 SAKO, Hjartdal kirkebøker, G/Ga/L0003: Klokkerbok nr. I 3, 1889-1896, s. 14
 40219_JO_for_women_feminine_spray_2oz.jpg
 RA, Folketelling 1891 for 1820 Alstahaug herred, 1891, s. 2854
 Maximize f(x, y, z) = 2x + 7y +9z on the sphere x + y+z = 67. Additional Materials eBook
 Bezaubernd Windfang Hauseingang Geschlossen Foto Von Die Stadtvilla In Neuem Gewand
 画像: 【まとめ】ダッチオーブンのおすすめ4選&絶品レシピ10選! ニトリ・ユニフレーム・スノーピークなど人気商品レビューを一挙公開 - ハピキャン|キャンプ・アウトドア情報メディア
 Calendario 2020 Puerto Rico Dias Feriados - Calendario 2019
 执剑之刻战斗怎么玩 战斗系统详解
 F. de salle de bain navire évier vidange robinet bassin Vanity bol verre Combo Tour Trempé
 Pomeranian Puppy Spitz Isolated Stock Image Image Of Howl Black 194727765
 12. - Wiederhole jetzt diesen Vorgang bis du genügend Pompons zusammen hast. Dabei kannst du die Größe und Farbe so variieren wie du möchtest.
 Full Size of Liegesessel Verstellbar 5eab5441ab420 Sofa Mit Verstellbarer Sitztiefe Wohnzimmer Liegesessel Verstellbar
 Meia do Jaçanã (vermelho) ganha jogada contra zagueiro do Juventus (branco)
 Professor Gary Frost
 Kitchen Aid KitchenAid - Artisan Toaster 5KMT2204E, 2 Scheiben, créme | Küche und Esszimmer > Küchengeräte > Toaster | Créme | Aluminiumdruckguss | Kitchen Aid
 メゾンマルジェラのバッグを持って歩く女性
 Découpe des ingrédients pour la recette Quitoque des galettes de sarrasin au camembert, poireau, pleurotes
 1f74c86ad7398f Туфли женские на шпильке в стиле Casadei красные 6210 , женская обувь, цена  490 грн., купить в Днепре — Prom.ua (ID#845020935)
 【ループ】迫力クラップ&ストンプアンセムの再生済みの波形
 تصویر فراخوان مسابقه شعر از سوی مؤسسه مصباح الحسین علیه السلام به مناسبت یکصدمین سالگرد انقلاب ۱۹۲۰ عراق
⁂
From the first line of the listing above to the line that contains "12. - Wiederhole", inclusive, restate every line word for word. Nothing else belongs in the answer.

Solution to the problem:
 SAKO, Hjartdal kirkebøker, G/Ga/L0003: Klokkerbok nr. I 3, 1889-1896, s. 14
 40219_JO_for_women_feminine_spray_2oz.jpg
 RA, Folketelling 1891 for 1820 Alstahaug herred, 1891, s. 2854
 Maximize f(x, y, z) = 2x + 7y +9z on the sphere x + y+z = 67. Additional Materials eBook
 Bezaubernd Windfang Hauseingang Geschlossen Foto Von Die Stadtvilla In Neuem Gewand
 画像: 【まとめ】ダッチオーブンのおすすめ4選&絶品レシピ10選! ニトリ・ユニフレーム・スノーピークなど人気商品レビューを一挙公開 - ハピキャン|キャンプ・アウトドア情報メディア
 Calendario 2020 Puerto Rico Dias Feriados - Calendario 2019
 执剑之刻战斗怎么玩 战斗系统详解
 F. de salle de bain navire évier vidange robinet bassin Vanity bol verre Combo Tour Trempé
 Pomeranian Puppy Spitz Isolated Stock Image Image Of Howl Black 194727765
 12. - Wiederhole jetzt diesen Vorgang bis du genügend Pompons zusammen hast. Dabei kannst du die Größe und Farbe so variieren wie du möchtest.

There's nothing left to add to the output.